The SEC alleged that the Investment Adviser violated the Investment Advisers Act of 1940 (Advisers Act) and the Securities Exchange Act of 1934 (Exchange Act) by failing to disclose material conflicts of interest to its investors and failing to maintain controls sufficient to prevent such conflicts from arising. Section 206(2) of the Advisers Act makes it unlawful for any investment adviser to “engage in any transaction, practice or course of business which operates as a fraud or deceit upon any client or prospective client.” Further, Section 206(4) and Rule 206(4)-7 promulgated thereunder require registered investment advisers to adopt and implement written compliance policies and procedures reasonably designed to prevent violations of the Advisers Act, and Section 13(d) of the Exchange Act and Rule 13d-2 promulgated thereunder require persons who own more than 5% of the stock in a given company to disclose that stake and to further disclose any material increase or decrease in the size of that stake.
The SEC alleged that, from December 2018 through May 2020, the Investment Adviser formed the two SPACs, with the Investment Adviser’s supervised persons acquiring roughly one third of the founder shares of each SPAC, and the Investment Adviser’s funds acquiring the remaining founder shares. According to the SEC, the Investment Adviser’s supervised persons caused the Investment Adviser’s funds to purchase large chunks of common stock in the two SPACs when they closed. The SEC alleged that, because the Investment Adviser and its personnel owned the founder shares, the Investment Adviser and its personnel stood to gain from the completion of any transactions by the SPACs, even if those transactions could be harmful to the owners of the SPACs’ common shareholders, which in this case included advisory clients of the Investment Adviser. This arrangement, according to the SEC, gave rise to conflicts of interest of which “[the Investment Adviser] failed to make timely disclosure” to its clients.

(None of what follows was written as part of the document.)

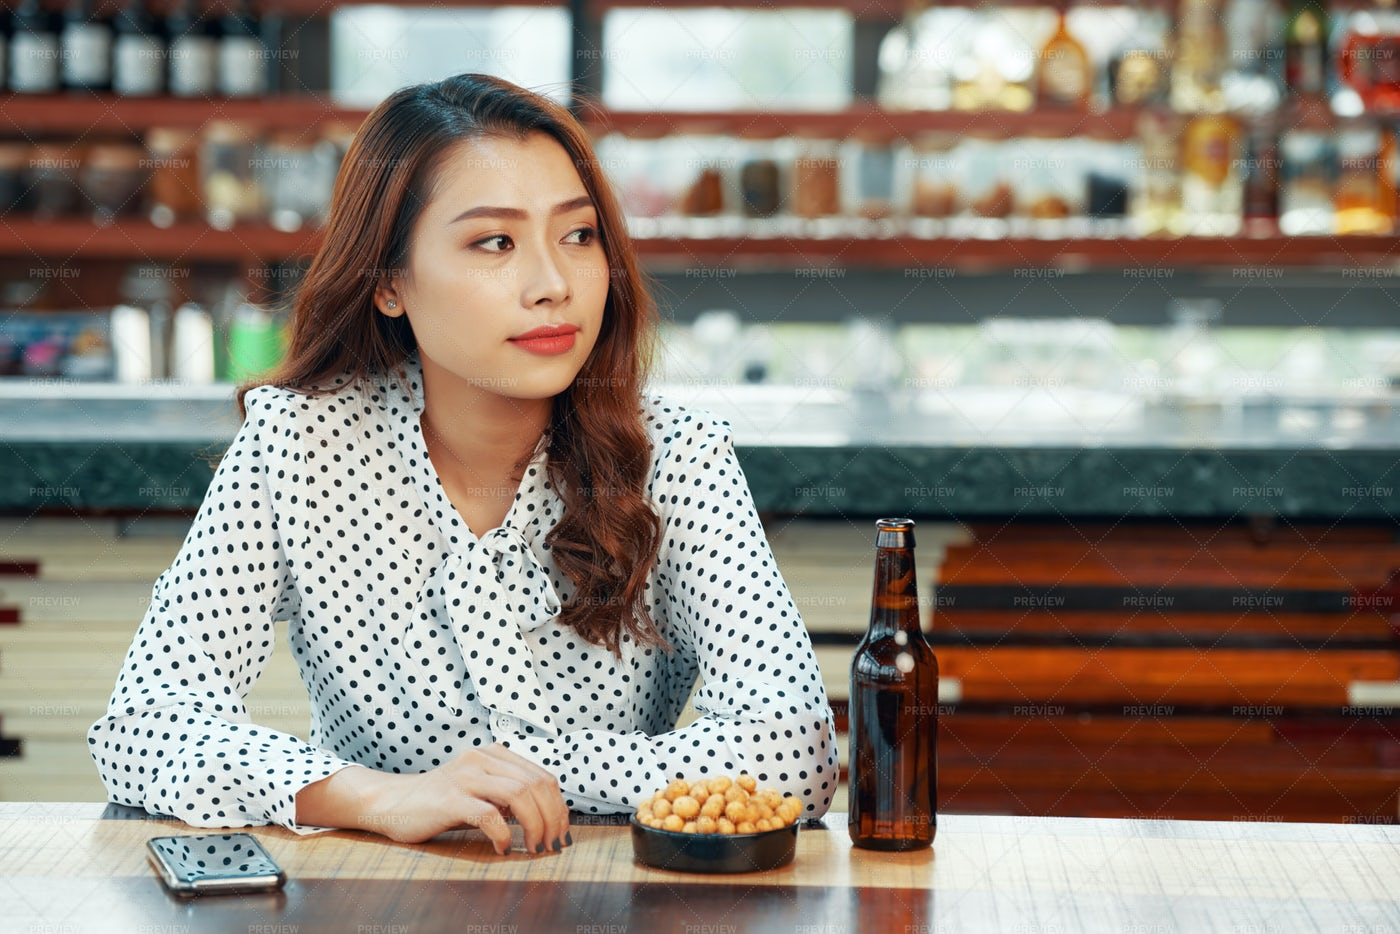 Pretty Woman Waiting In Bar: Stock Photos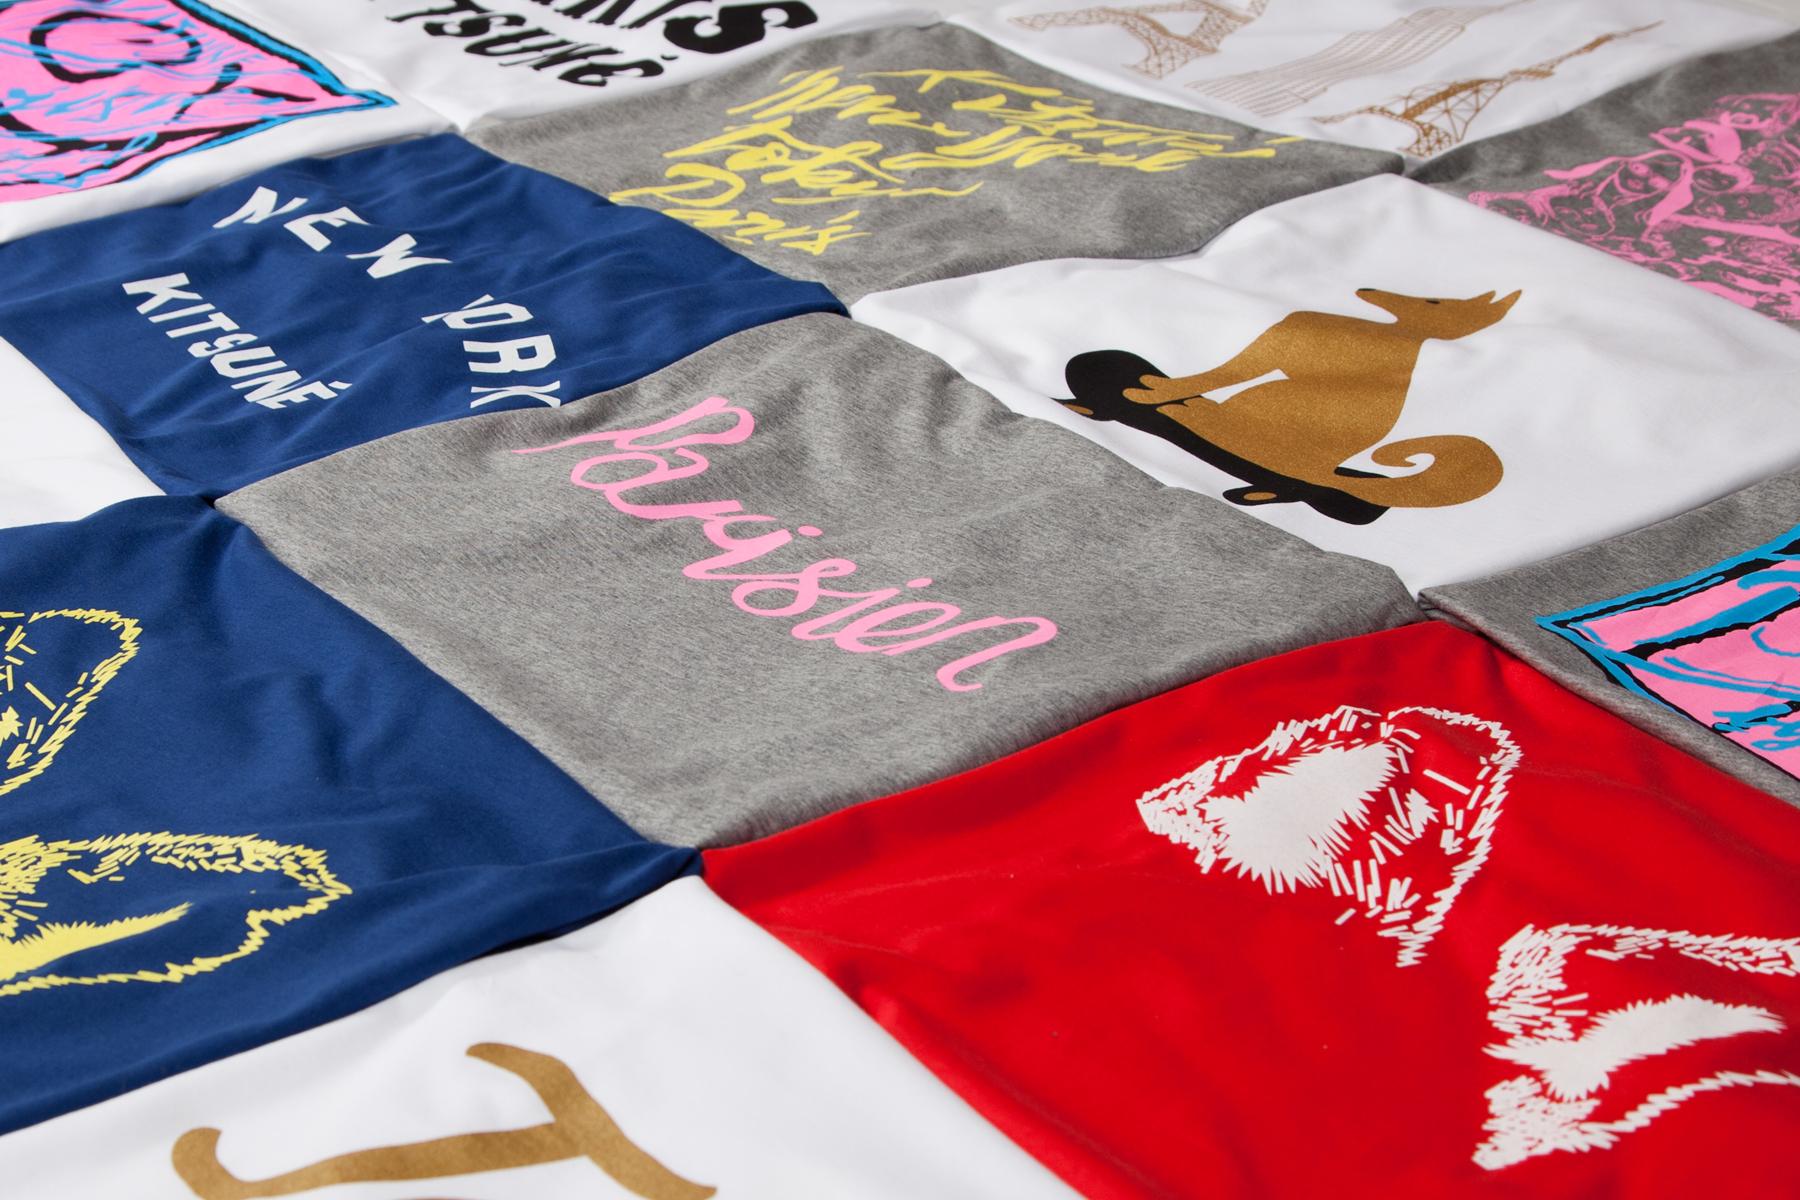 kitsune tee 2013 pre fall t shirts

These conflicts, the SEC alleged, were potentially exemplified by multiple investment decisions made by Investment Adviser personnel. For example, in one instance, the SEC alleged that one of the Investment Adviser’s funds made a $25 million bridge financing investment to one of the SPAC’s target companies. In another instance, the Investment Adviser’s funds allegedly purchased $9.2 million of common stock in one of the SPACs shortly before the SPAC’s shareholders voted to approve a proposed business combination. These instances, the SEC alleged, showed that “[Investment Adviser] personnel had conflicts of interest that, among other things, could affect both whether or not the Investment Adviser selected certain investments on behalf of its advisory clients as well as the scope and size of such investments.” The SEC also alleged that the Investment Adviser failed to adopt and implement written compliance policies and procedures reasonably designed to prevent these conflicts from arising, and that the Investment Adviser further failed to accurately report the various stakes held by it and its personnel to the SEC.
The SEC did not impose any penalties beyond the $1.4 million fine.